Historically, the only check on prosecutorial power was the 5th Amendment right to a grand jury – this means that after arrest, and after selection of the case by prosecutor, a grand jury of your peers will hear the evidence of your charge and decide whether it is sufficient to potentially convict you. However, AGAIN, this right to a grand jury is only granted to federal matters. Accordingly, some states allow prosecutors to merely file a written accusation to inform the defendant of charges, and this suffices to move the case forward. The largest problem with failing to prosecute certain cases is that there is a lack of transparency because if a case is not prosecuted, the public will not hear of such case and thus can’t protest.
(4) Chicago, Illinois – opposite of Quitman County…where overzealous prosecution occurs in “high-profile show trials,” resulting in wrongful convictions. Though I think this chapter could have been combined with the previous chapter on ‘underzealous’ prosecutors to keep balance, this chapter highlights a popular problem in Rolando Cruz’s case. In 1983, in the little town of Naperville, IL, Jeanine Nicarico was sick at home alone when someone broke her door down, abducted her, raped her, and left her dead in the woods. Rolando Cruz was convicted, despite no physical evidence linking him to crime, and based solely on street kids testifying at trial that they heard he was involved. Two years later, Brian Dugan admitted to the crime after being convicted for the rape and murder of a different young girl. Instead of reopening the case immediately, DuPage County prosecutors simply said Dugan was lying. A total of three trials and 10 years in prison later, Cruz was finally freed on the basis of DNA evidence implicating Dugan. This is a stunningly frequent occurrence, and the reason IL Governor Ryan placed a moratorium on the death penalty in 2000, and IL Governor Quinn abolished it in 2011.
Bach’s solution:
Social scientists should create and implement yardsticks for court workers’ performances, particularly regarding discretion – judges’ decisions to assign counsel and set bail; prosecutors’ choices to charge defendant; defense attorneys’ distribution of time spent with clients & investigating cases.

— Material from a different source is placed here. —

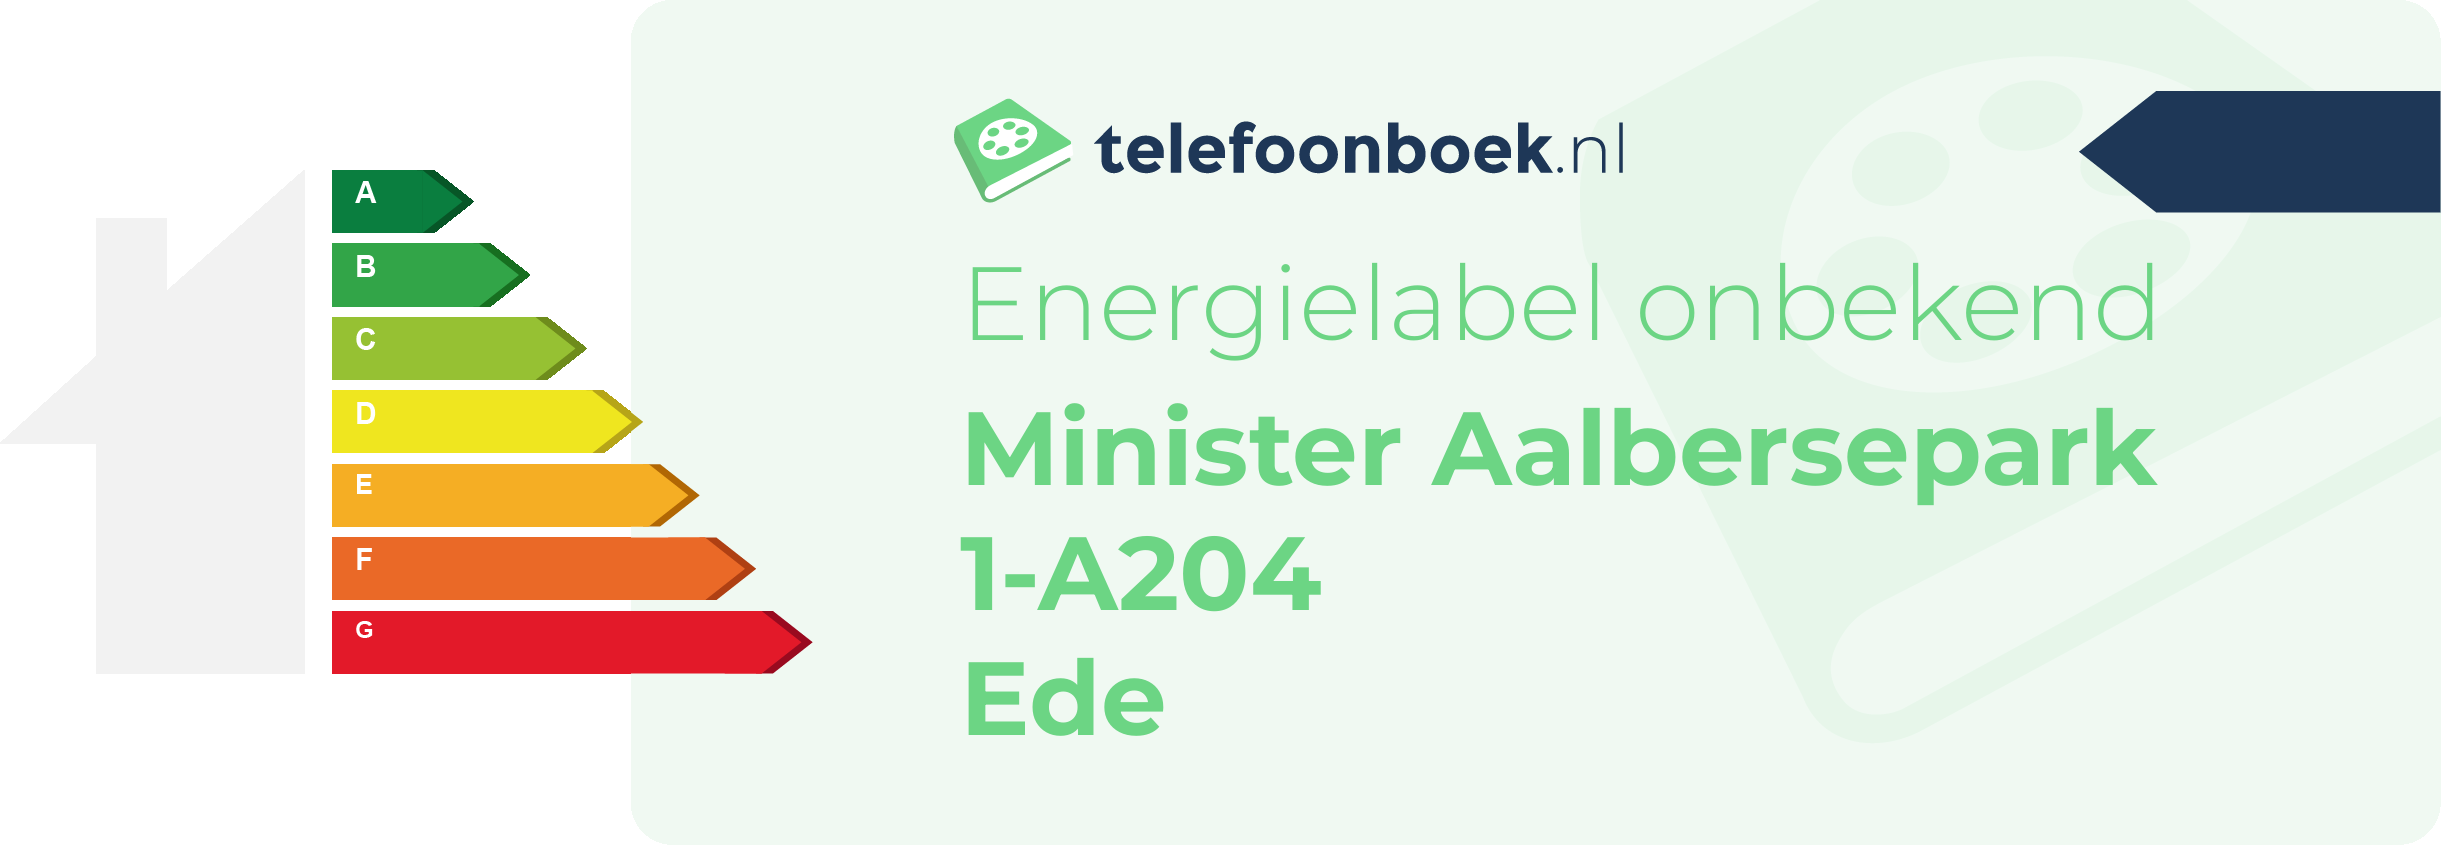 Energielabel Minister Aalbersepark 1-A204 Ede

In other words, the implementation of a court monitoring system. Disappointments abound…this is wishful thinking for a project that will never happen. Who would fund this? How would it reach all the actual defects? And most importantly, would it really cure the individual attorneys who affect the system? I think 90% of the above problematic cases are the result of lazy (OK, as well as underfunded) public defense attorneys + prosecutors/judges overeager to punish ‘violent criminals.’ We have to blame individuals, and new benchmarks in a monitored court system don’t seem to fix that problem.